There exists a relatively small amount of continuity in college football. Due to the nature of amateur and professional ball, a program’s best and brightest will bolt for the NFL sooner (no pun intended) rather than later.
Because of that, it’s always nice when you can bolster your receiving corps with a grad transfer like Jeff Badet after losing a massive playmaker.
This time last spring, the media and fans alike wondered who could fill Sterling Shepard’s size 11s. ‘Of course, nobody could quite replace Shepard,’ they said, and it was true: he was a special, unique talent, evident by his early success in the NFL.
And then came DeDe Westbrook. The signs were there -- the breakaway speed, the nimble moves, but he never quite put it together in his first season with the Sooners. Last season, he broke out in a big way. Like Shepard, Westbrook’s ultimate destination was playing on Sundays. If I need to remind you what he did last season, you have a pretty short memory.
Enter Jeff Badet. The grad transfer out of Kentucky is 6’, 180 lbs (for reference, he’s almost exactly the same size as Westbrook). As our Jack Shields points out, he’s got everything you’d want in a wide receiver skill-wise: soft hands, great ball skills, and excellent open field speed and playmaking ability.
In a run-heavy Kentucky offense, Badet tallied 670 yards on 32 catches — that’s 21.6 yards per reception. He also averaged 22.6 yards per kickoff return.
Badet could be this season’s breakout star. With a quarterback like Baker Mayfield at the helm, his true potential will be unleashed.
I don’t want to minimize the contributions of guys like A.D. Miller, Mark Andrews, Dahu Green, and Jeffrey Mead. This could change, but (with the possible exception of Andrews), no other receiver seems poised to make a stark leap from last season’s production.
There will be a lot of balls to go around in the absence of Westbrook and Geno Lewis. In an offense that has few proven playmakers, Badet’s big play ability can be, pardon the expression, Westbrookian:
Lincoln Riley uses short throws sometimes to mix it up, but his roots are in the Air Raid. Spreading out the field has been a huge weapon for Riley’s offense when combined with Mayfield’s mobility. Expect to see plenty of deep routes for Badet too:
And it’s not like Badet was playing against, say, Mountain West or Conference USA defenses: he matched up against top-flight SEC defenses every single week. Against blue-chip talent, Badet was able to line up inside, outside, in the slot — wherever he needed to be. That versatility will suit him incredibly well at OU.
By all accounts, Badet is ready to work and prove himself an asset. He wouldn’t uproot himself from Kentucky, a place he clearly loves based on a quick scroll through his social media. He’s coming here to work; Bob Stoops, Lincoln Riley, and the Sooner coaching staff wouldn’t go through the hassle of bringing Badet in if they weren’t convinced of that.
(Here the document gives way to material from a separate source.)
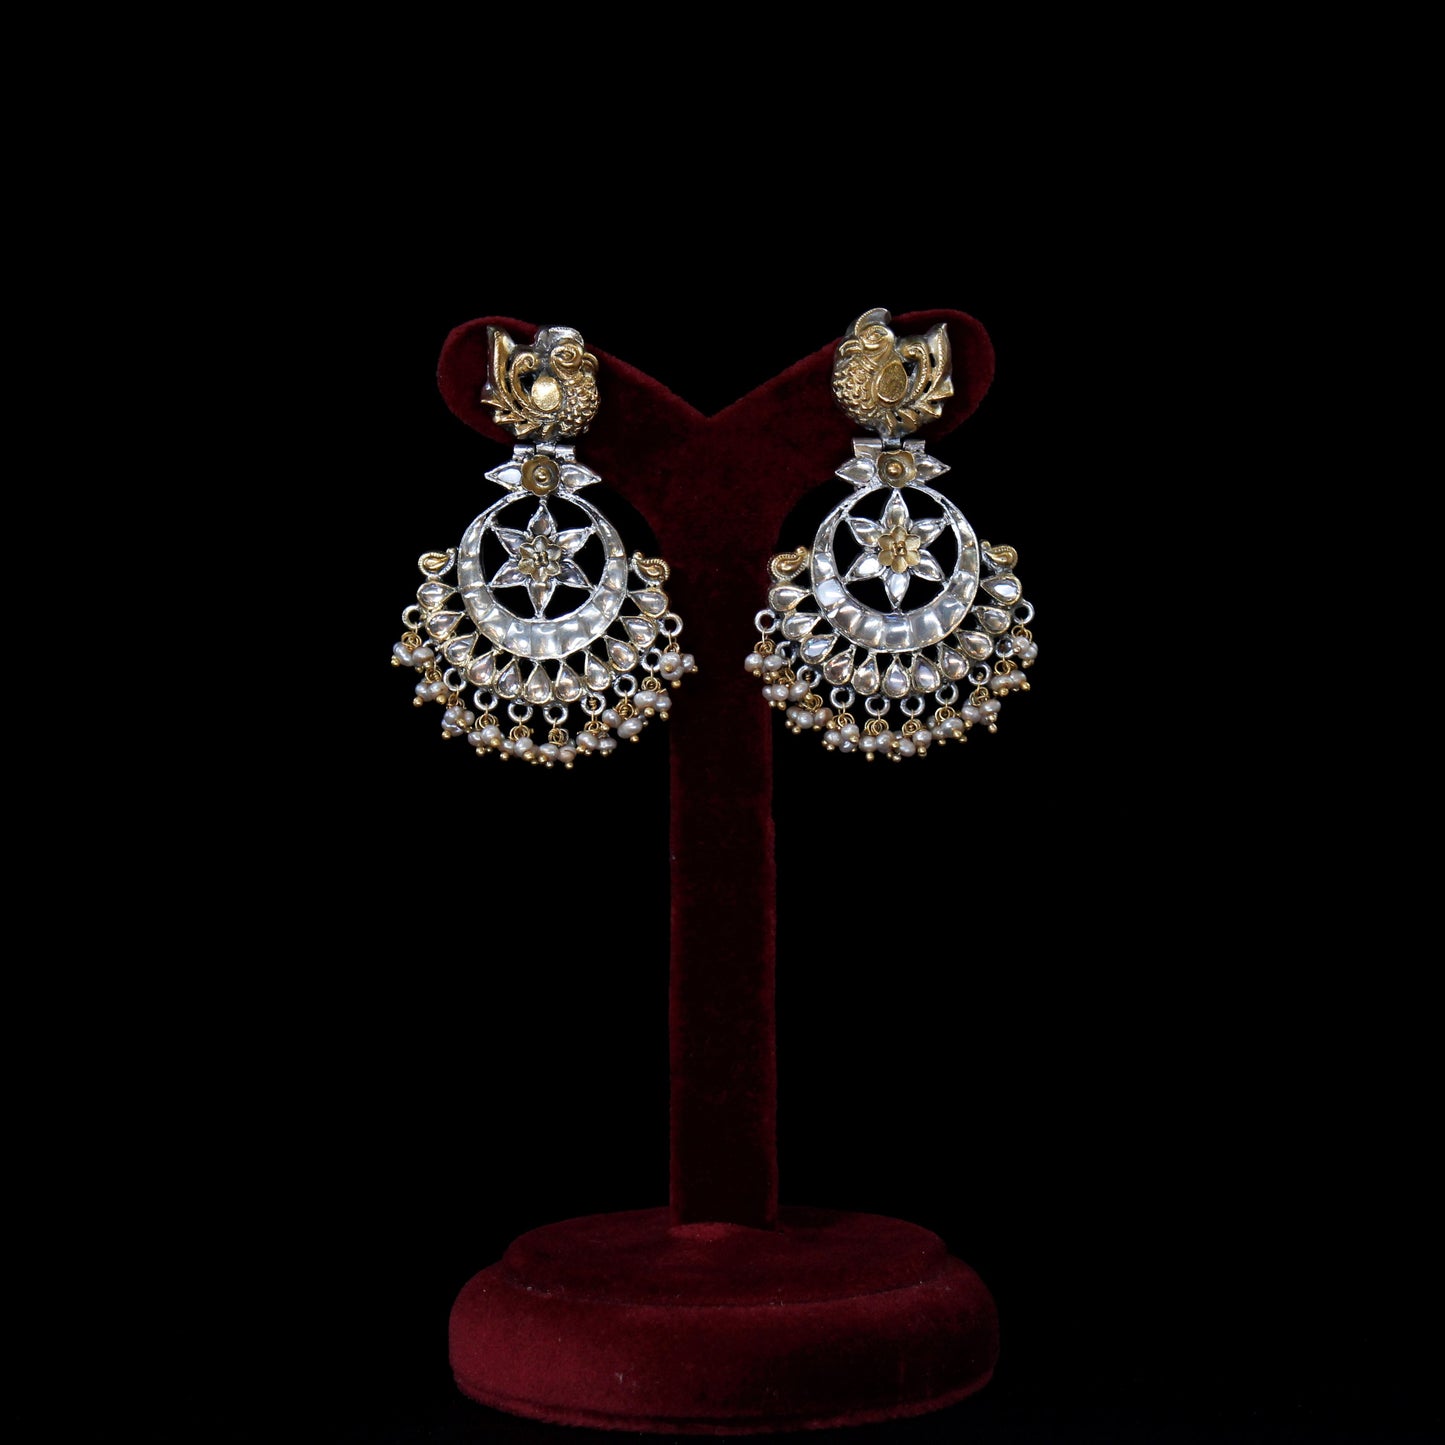 TWO-toned EARRINGS:- 92.5 STERLING SILVER WITH KUNDAN & FRESH WATER PEARLS.

And he’s saying all the right things so far, like in this interview with Sooner Scoop’s Josh McCuistion:
"I told (the Oklahoma coaches) I don’t want anything given to me. I understand (coaches) telling me this and that, but it’s part of me coming in and working hard and that’s another way of earning guys’ trust on the team. Also, not just a guy who already comes in and has a spot but a guy who works hard and will earn it," he said. "The coaches were really just telling you everything you need to believe, that was something that hurt me coming out of high school. I just took it all in and then really is trying to hear what everybody else is trying to sell me.
"I really tell the schools showing me this and that, I just want to sit down in the meeting room and I’m not a big guy about showing me this and that because really I’m going to be there for six months. Just show me things in the meeting room and have facts behind them of things you want to do."
Badet is still working on graduating from Kentucky and will join the team for summer practice and fall camp. Because of that, it may take him some time to get acclimated. It may take a few weeks for him to get into a rhythm with Mayfield. I believe that, by the end of the season, Badet will be the clear cut go-to receiver for the Sooner offense.
I’m not saying that Badet will be the next great receiver in a long, long line of them. Just don’t be surprised if he proves to be a very valuable asset to an offense that could use a playmaker of Badet’s caliber. He’s got the skills, the pedigree, and the want-to that could make him a special addition.